◆ **PROBLEM STATEMENT**:
For this exercise, set down all the records exactly as given.

[Items listed in a dataset]
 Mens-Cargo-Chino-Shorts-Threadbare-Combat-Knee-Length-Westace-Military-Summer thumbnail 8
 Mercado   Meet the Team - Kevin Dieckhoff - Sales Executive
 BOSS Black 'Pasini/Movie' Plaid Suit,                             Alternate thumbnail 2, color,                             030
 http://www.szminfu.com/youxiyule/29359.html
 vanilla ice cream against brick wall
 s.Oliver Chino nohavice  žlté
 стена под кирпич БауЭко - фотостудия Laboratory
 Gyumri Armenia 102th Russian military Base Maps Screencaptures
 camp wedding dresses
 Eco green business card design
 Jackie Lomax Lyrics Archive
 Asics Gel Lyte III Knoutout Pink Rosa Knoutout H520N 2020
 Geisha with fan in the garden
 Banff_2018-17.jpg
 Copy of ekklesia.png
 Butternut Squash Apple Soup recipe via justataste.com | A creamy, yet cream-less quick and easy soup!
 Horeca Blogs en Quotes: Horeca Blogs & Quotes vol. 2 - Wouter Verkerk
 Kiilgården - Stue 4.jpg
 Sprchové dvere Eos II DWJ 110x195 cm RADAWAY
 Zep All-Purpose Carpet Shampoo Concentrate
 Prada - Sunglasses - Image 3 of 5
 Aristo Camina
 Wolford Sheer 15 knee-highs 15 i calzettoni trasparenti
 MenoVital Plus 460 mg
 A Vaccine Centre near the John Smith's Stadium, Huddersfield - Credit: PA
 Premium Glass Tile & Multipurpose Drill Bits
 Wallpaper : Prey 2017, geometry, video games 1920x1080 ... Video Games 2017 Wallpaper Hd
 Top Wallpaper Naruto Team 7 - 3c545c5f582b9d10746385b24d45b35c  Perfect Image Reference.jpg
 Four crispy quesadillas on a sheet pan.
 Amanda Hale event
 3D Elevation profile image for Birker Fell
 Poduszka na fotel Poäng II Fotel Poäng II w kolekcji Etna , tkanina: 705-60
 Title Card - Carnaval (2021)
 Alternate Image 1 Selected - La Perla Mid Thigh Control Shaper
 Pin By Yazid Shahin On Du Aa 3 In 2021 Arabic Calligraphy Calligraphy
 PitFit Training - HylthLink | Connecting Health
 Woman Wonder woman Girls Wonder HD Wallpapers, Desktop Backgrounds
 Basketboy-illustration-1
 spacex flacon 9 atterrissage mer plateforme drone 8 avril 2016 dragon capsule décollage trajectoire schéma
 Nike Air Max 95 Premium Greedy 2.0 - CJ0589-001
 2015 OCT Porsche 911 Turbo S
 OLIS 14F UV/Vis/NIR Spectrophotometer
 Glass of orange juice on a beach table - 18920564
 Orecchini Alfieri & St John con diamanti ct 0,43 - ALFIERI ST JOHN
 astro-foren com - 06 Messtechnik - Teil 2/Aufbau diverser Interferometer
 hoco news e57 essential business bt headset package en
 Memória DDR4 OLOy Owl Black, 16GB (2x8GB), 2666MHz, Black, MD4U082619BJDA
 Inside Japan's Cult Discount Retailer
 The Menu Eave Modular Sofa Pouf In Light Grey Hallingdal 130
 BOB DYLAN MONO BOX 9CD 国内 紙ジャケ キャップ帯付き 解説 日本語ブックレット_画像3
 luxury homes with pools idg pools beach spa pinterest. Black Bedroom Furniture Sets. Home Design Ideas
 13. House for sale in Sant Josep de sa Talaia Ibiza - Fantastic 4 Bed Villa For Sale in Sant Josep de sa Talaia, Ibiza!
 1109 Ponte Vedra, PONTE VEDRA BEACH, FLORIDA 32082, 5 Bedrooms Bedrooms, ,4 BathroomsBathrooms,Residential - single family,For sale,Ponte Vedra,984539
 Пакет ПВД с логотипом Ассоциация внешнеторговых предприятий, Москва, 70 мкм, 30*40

◆ **EXERCISE OUTPUT**:
 Mens-Cargo-Chino-Shorts-Threadbare-Combat-Knee-Length-Westace-Military-Summer thumbnail 8
 Mercado   Meet the Team - Kevin Dieckhoff - Sales Executive
 BOSS Black 'Pasini/Movie' Plaid Suit,                             Alternate thumbnail 2, color,                             030
 http://www.szminfu.com/youxiyule/29359.html
 vanilla ice cream against brick wall
 s.Oliver Chino nohavice  žlté
 стена под кирпич БауЭко - фотостудия Laboratory
 Gyumri Armenia 102th Russian military Base Maps Screencaptures
 camp wedding dresses
 Eco green business card design
 Jackie Lomax Lyrics Archive
 Asics Gel Lyte III Knoutout Pink Rosa Knoutout H520N 2020
 Geisha with fan in the garden
 Banff_2018-17.jpg
 Copy of ekklesia.png
 Butternut Squash Apple Soup recipe via justataste.com | A creamy, yet cream-less quick and easy soup!
 Horeca Blogs en Quotes: Horeca Blogs & Quotes vol. 2 - Wouter Verkerk
 Kiilgården - Stue 4.jpg
 Sprchové dvere Eos II DWJ 110x195 cm RADAWAY
 Zep All-Purpose Carpet Shampoo Concentrate
 Prada - Sunglasses - Image 3 of 5
 Aristo Camina
 Wolford Sheer 15 knee-highs 15 i calzettoni trasparenti
 MenoVital Plus 460 mg
 A Vaccine Centre near the John Smith's Stadium, Huddersfield - Credit: PA
 Premium Glass Tile & Multipurpose Drill Bits
 Wallpaper : Prey 2017, geometry, video games 1920x1080 ... Video Games 2017 Wallpaper Hd
 Top Wallpaper Naruto Team 7 - 3c545c5f582b9d10746385b24d45b35c  Perfect Image Reference.jpg
 Four crispy quesadillas on a sheet pan.
 Amanda Hale event
 3D Elevation profile image for Birker Fell
 Poduszka na fotel Poäng II Fotel Poäng II w kolekcji Etna , tkanina: 705-60
 Title Card - Carnaval (2021)
 Alternate Image 1 Selected - La Perla Mid Thigh Control Shaper
 Pin By Yazid Shahin On Du Aa 3 In 2021 Arabic Calligraphy Calligraphy
 PitFit Training - HylthLink | Connecting Health
 Woman Wonder woman Girls Wonder HD Wallpapers, Desktop Backgrounds
 Basketboy-illustration-1
 spacex flacon 9 atterrissage mer plateforme drone 8 avril 2016 dragon capsule décollage trajectoire schéma
 Nike Air Max 95 Premium Greedy 2.0 - CJ0589-001
 2015 OCT Porsche 911 Turbo S
 OLIS 14F UV/Vis/NIR Spectrophotometer
 Glass of orange juice on a beach table - 18920564
 Orecchini Alfieri & St John con diamanti ct 0,43 - ALFIERI ST JOHN
 astro-foren com - 06 Messtechnik - Teil 2/Aufbau diverser Interferometer
 hoco news e57 essential business bt headset package en
 Memória DDR4 OLOy Owl Black, 16GB (2x8GB), 2666MHz, Black, MD4U082619BJDA
 Inside Japan's Cult Discount Retailer
 The Menu Eave Modular Sofa Pouf In Light Grey Hallingdal 130
 BOB DYLAN MONO BOX 9CD 国内 紙ジャケ キャップ帯付き 解説 日本語ブックレット_画像3
 luxury homes with pools idg pools beach spa pinterest. Black Bedroom Furniture Sets. Home Design Ideas
 13. House for sale in Sant Josep de sa Talaia Ibiza - Fantastic 4 Bed Villa For Sale in Sant Josep de sa Talaia, Ibiza!
 1109 Ponte Vedra, PONTE VEDRA BEACH, FLORIDA 32082, 5 Bedrooms Bedrooms, ,4 BathroomsBathrooms,Residential - single family,For sale,Ponte Vedra,984539
 Пакет ПВД с логотипом Ассоциация внешнеторговых предприятий, Москва, 70 мкм, 30*40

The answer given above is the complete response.